You can say that you don't want to bother your mum further as she is looking tired, after all she is 70, and as he only lives round the corner ...

TPel Fri 30-Oct-15 10:10:20

He sounds like an arse and behaving accordingly. I do think you should try and shrug it off. He doesn't sound worth the emotional pain.

Hope you get better soon.

OllyBJolly Fri 30-Oct-15 10:16:23

My sister is very ill with complex problems and a life limiting condition. My brother will do things if asked i.e. accompany her to appointments (she can't travel without assistance) but would never volunteer. If I tell him about diagnoses he will always play it down e.g. "The tumour has grown significantly" answer "She'll be fine. Lots of people get this and recover" . He knows this isn't true. He'll never call unprompted - and even prompted he'll talk about anything else other than health. But - Dsis does appreciate the contact.

He does care, he's not self absorbed. He just can't deal with illness in those close to him.

he does keep us totally updated on his blood pressure and sports injuries on Facebook

Maybe your brother just doesn't have that "thoughtful gene". Doesn't mean he doesn't care about you. Hope you get well soon flowers

MrsJorahMormont Fri 30-Oct-15 10:17:43

My sibling would be like this too OP. I'm so used to it I wouldn't care tbh but thanks and hope you recover swiftly.

TSSDNCOP Fri 30-Oct-15 10:20:13

WWID? Honestly?

Concentrate on resign and getting better rather than invest time and energy getting irritated with someone upon whom my irritation will have precisely zero effect.

Helen1982w Fri 30-Oct-15 10:20:45

OP I could have written your post, I understand exactly how you feel.

I had a life changing surgery, was in hospital for 2 weeks, it was a very upsetting time and I was totally let down by my brother.
He didn't call, he didn't visit. He only got in touch after my parents called him to say they were disgusted with him. Then he came to see me, stayed half an hour and that was that, didn't even ask how I was.

I know I'm not his responsibility at all, but when you put the behaviour in context of the kind of family we are, it stands out as poor. We've had some hard times as a family and we've always been close, I thought we were solid. When his marriage broke down we were there picking up the pieces. When he needed money, we were there helping him making sure his DC never went without, when he needed childcare I stepped in. We're the kind of family that look out for each other, or so I thought.

Turns out that when he needs the help he's happy to receive it but when others need help he isn't interested.

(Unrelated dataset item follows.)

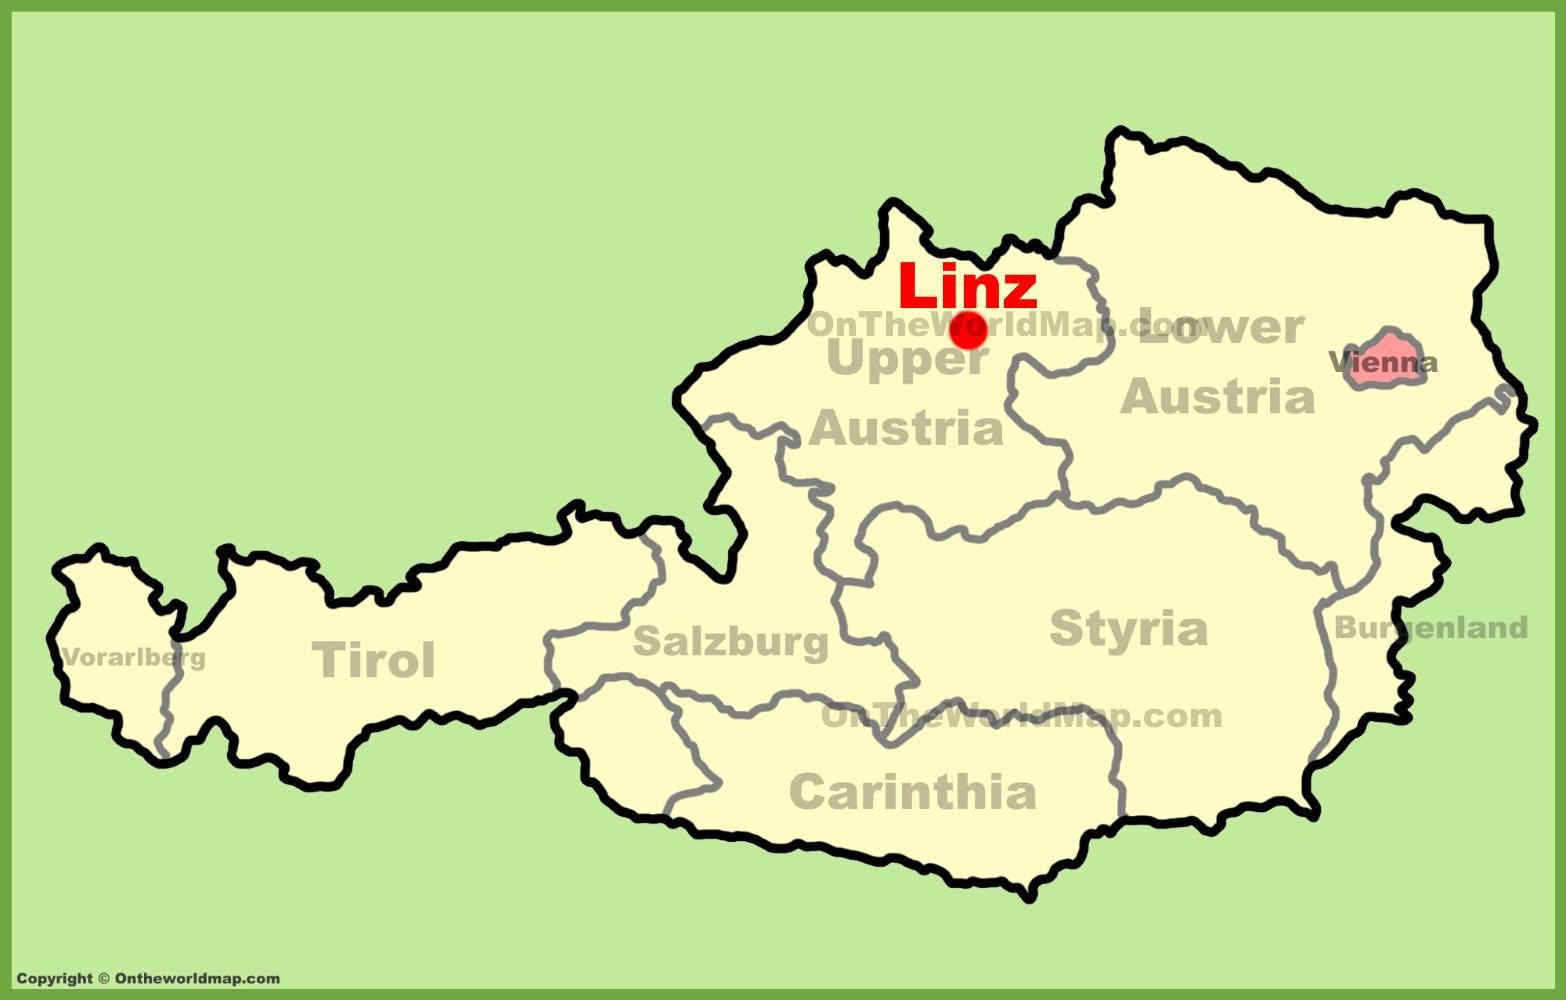 Linz Austria Map Linz austria map   Map of linz austria (Western Europe   Europe)
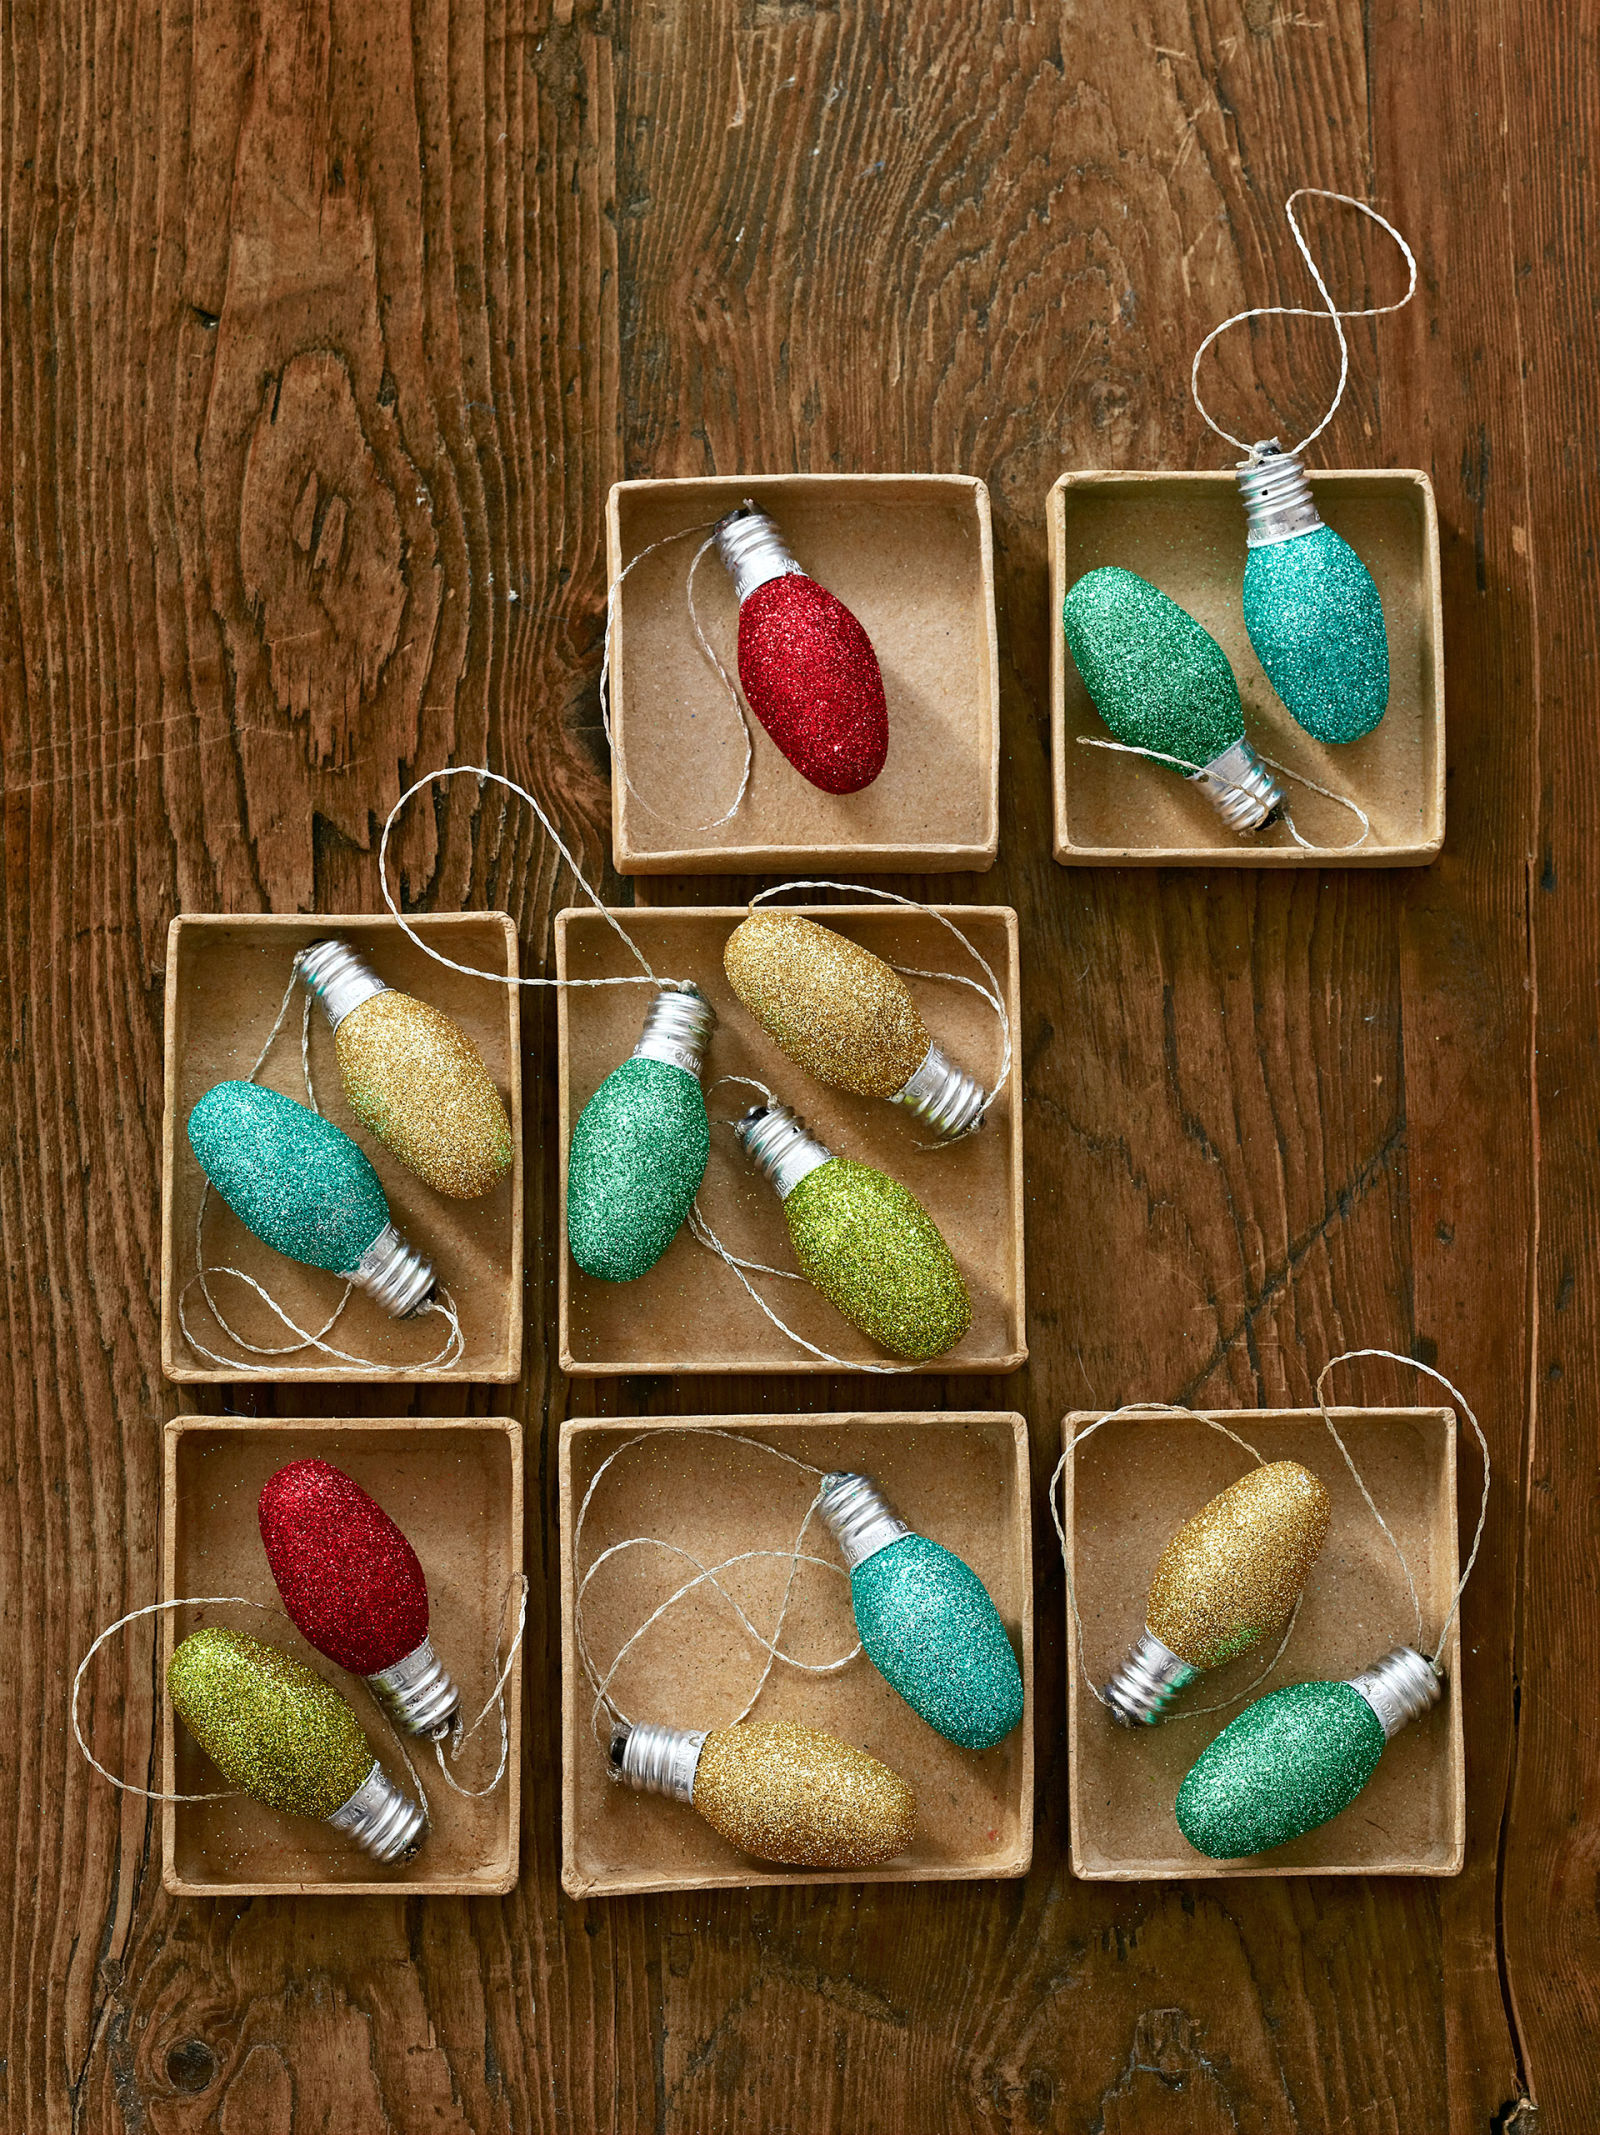 Homemade paper christmas decorations - 50 Homemade Christmas Ornaments Diy Handmade Holiday Tree Ornament Craft Ideas

My parents are disappointed with him, he has form for similarly poor behaviour when he should have done more when the family had to pull together in crisis. So maybe we shouldn't have expected any better but it doesn't take much to show you care. A phone call, a card in the post, anything to show that you are thinking of someone.

If I'm honest it's really effected how I feel about him, I really doubt whether he gives a sh*t about me or my family. If that had been him I would have been there, offering practical help and he knows that because I've been there when he's needed me in the past. Every. Bloody. Time.

The only upside is that I now feel relieved of any obligation to offer help next time he has a life crisis, because he has no credit in the bank with me anymore.

TSSDNCOP Fri 30-Oct-15 10:21:05

Resign=resting

I'm beginning to think this iPad is very unreasonable.

Haffdonga Fri 30-Oct-15 10:21:16

Sounds like one of those lazy men who let their 'women-folk' do their emotional work for them.

I bet he doesn't choose your Christmas presents or remember your birthday either. His wife does it for him.